Dava looked at her map. There was a connector, coming down to the ceiling (from her perspective), not far from where she was. The corridor was close to the edge of the facility, so she could see several dozen meters before the horizon. The connector was closer than that.
She turned to flee, kicking off the wall with both feet. The voices shouted together. Two distinct voices. She heard the hum of a weapon powering up just before it loosed a shot that sparked off the wall just beside her as she flew.
The tacking of their gripper boots rattled through the hall. She managed to keep the distance from shrinking, grabbing the wall and re-launching herself. White bolts narrowly missing her along the way. She flew past the lock where she left Moses. The picture formed in her mind as she blinked on by. The door had spiraled closed, but not completely. Large brown hands formed a circle in the middle of it. Large brown eyes peered through.
She looked back to see the pair of guards gaining on her, running along the ceiling. A man and a woman. They passed Moses and Dava turned to face them. She spread out her arms and legs, forming a wide X.
“I give up!” she shouted. “Please, I surrender!”
This brought them to a clumsy stop, the man stumbling into the woman. “What?” she said as she fought for balance.
“I said I surrender!”
The man began to whisper something but the woman waved him off. “Put up your hands,” she shouted at Dava. “I mean, keep your hands up like that. Don’t move.”
The woman stalked toward her while the other guard kept his gun drawn and pointed forward. Dava couldn’t move if she wanted to: she’d released herself from the wall
and was floating freely in the middle of the wide corridor. She kept her hands wide as the guard approached.
“Turn around.”
Dava twisted her body. “I – I can’t.” She briefly wondered how long this guard had been stationed here. She didn’t seem to get the limits of movement in the absence of gravity.
“Right, okay.” She took another cautious step forward. “Just wait there then. Keep the hands and legs spread.”
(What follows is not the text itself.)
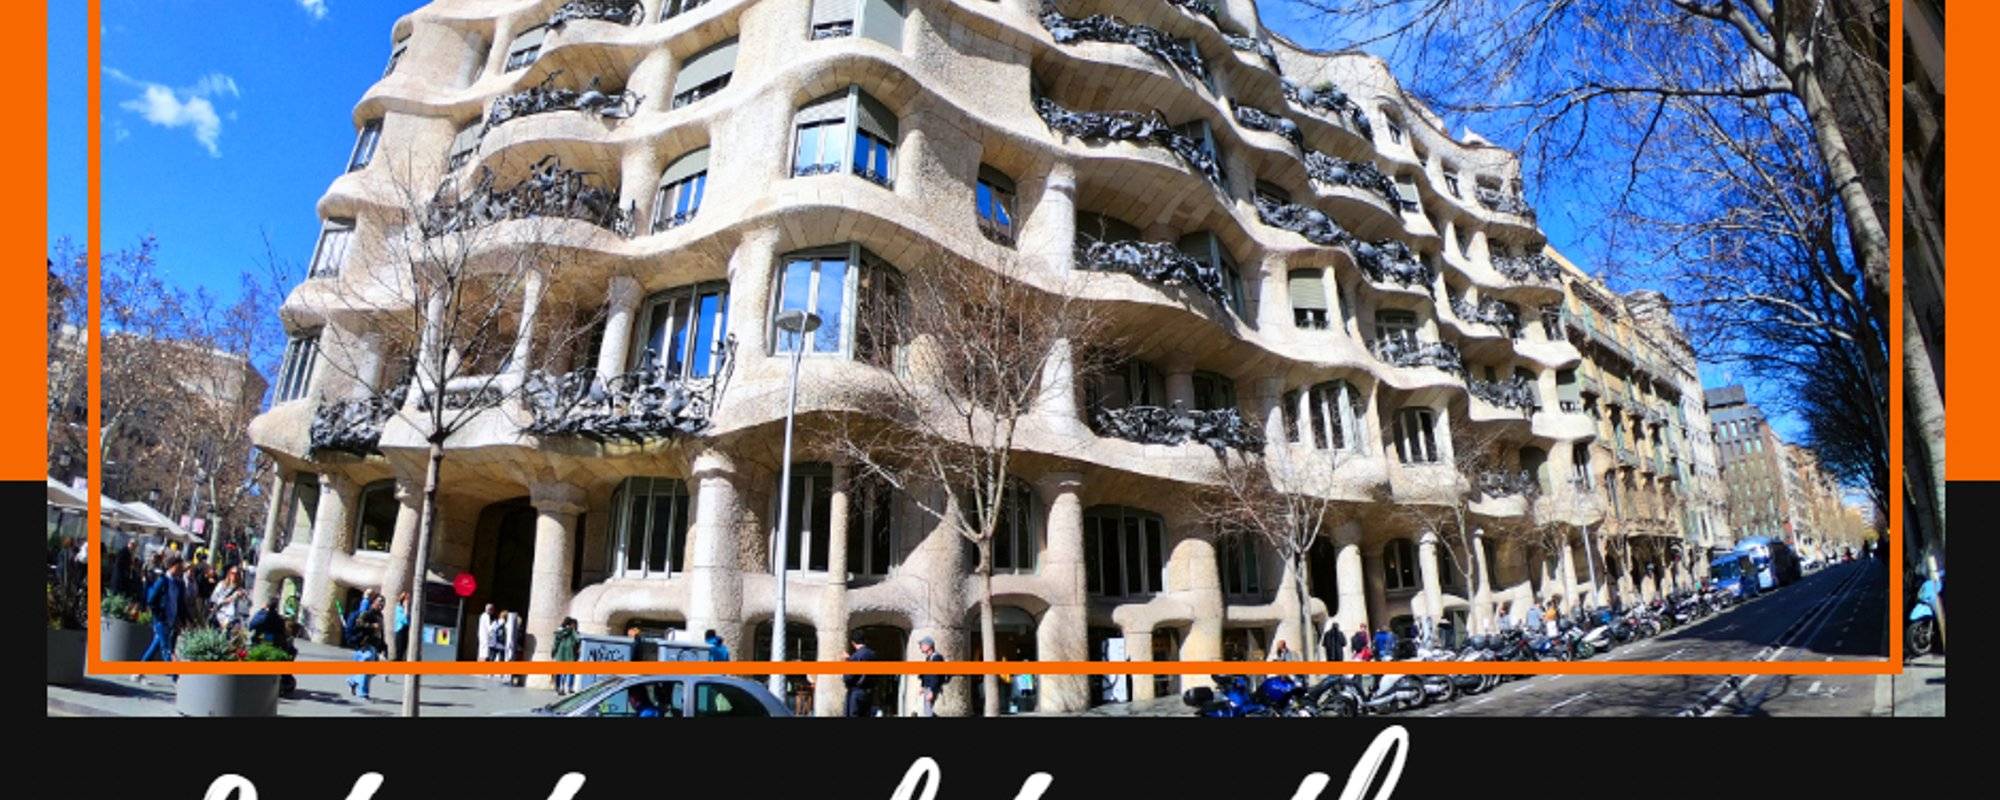 Let's travel together #115 - Casa Milà (Barcelona Tour)

She complied as the woman stamped up to her. The zip of a door pricked up Dava’s ears, even though she’d been waiting for it. If the guards noticed, it was already too late. Moses was out of the lock-room, and his long, strong limbs were wrapped around the other guard. He quickly maneuvered his arms, bringing them into a hold around the man’s shooting arm, and with an awkward twitch, squeezed a tortured cry out of the guard.
The woman was an arm’s length from Dava. She wrenched her body around without detaching her feet, drawing her pistol shakily. Dava brought her right hand down to the knife in its sheath on her chest and reached out with her left hand. With a stretch, she grabbed the woman’s collar with two fingers, then twisted it into a fistful of uniform. She pulled herself close as she yanked the knife free, and as the guard cranked her head around to face her, Dava struck.
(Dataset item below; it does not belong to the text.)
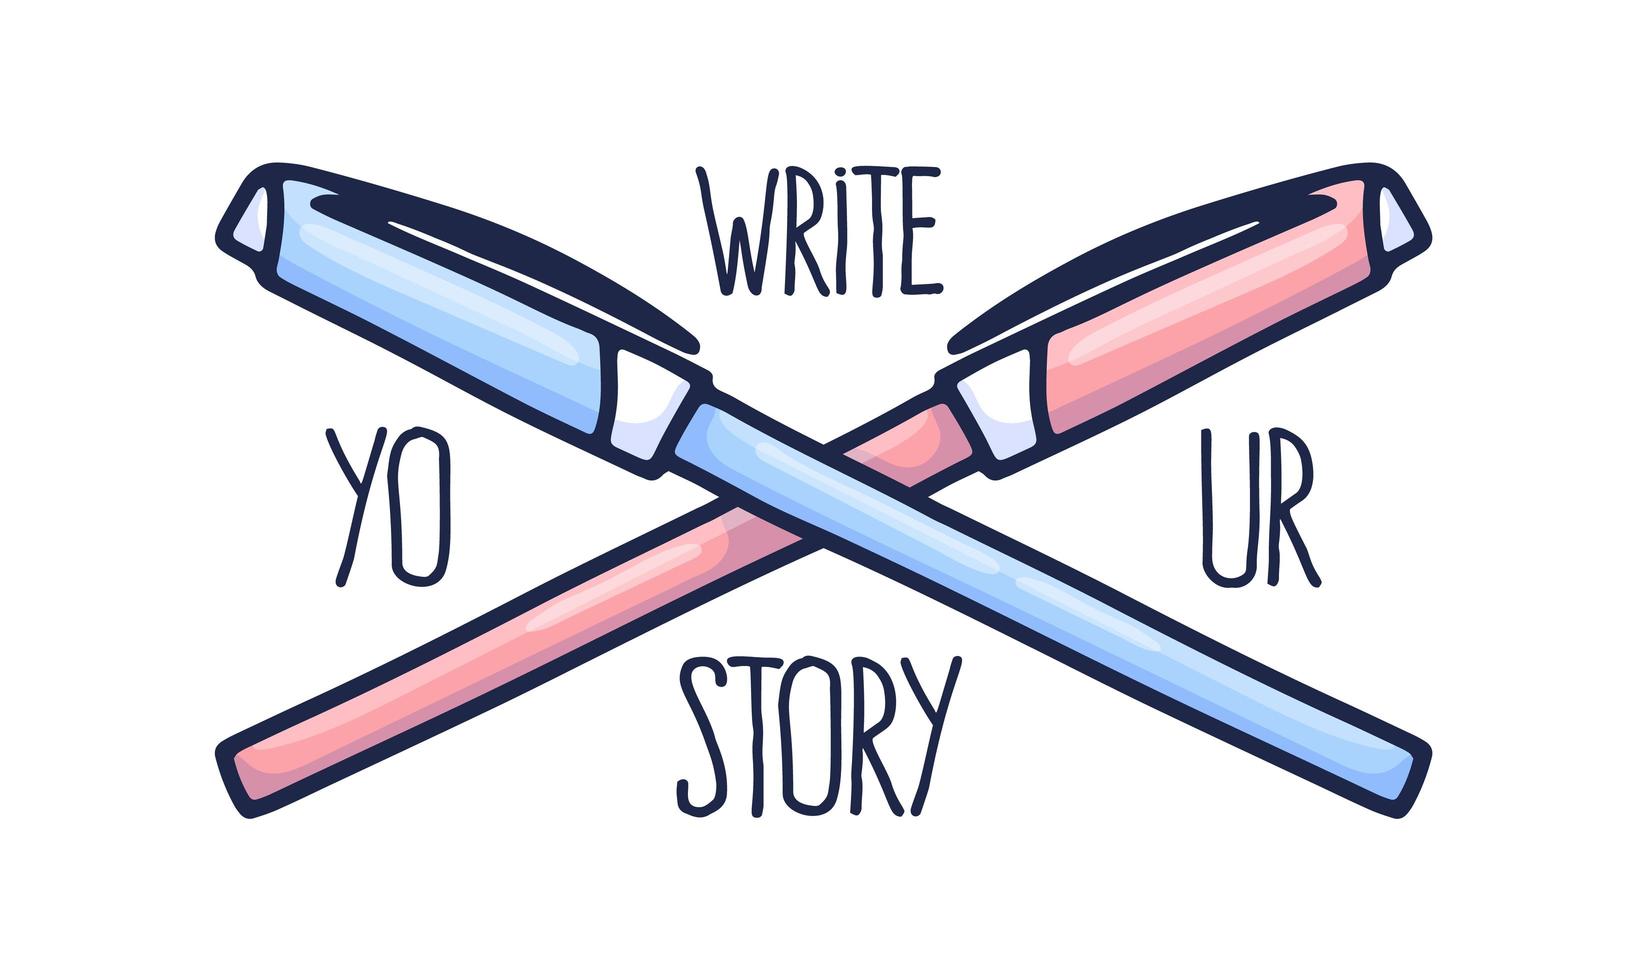 schrijf je verhaalslogan. belettering en met de hand getekende twee pennen van roze en blauw, die zijn gemaakt in doodle-stijl vector

It was clear that in the course of the events of the last few hours, the guard had lost her helmet. The blade sawed effortlessly through her eye and into her brain and she gasped airlessly, dead before she could scream. Dava yanked the weapon free, the string of red plasma dotted with pink chunks of flesh and brain tissue.
Another pang of guilt as she looked into the remaining eye, wide with fear. Another wasted life. This woman was important to someone. Like Thompson was important to Dava. “God dammit,” she spat, not caring if Moses heard her.
What was happening to her? No one was an innocent victim, she made that decision a long time ago. In a universe that could – no, there was no time to go dark. She pried the blaster from dead fingers and shoved the body away.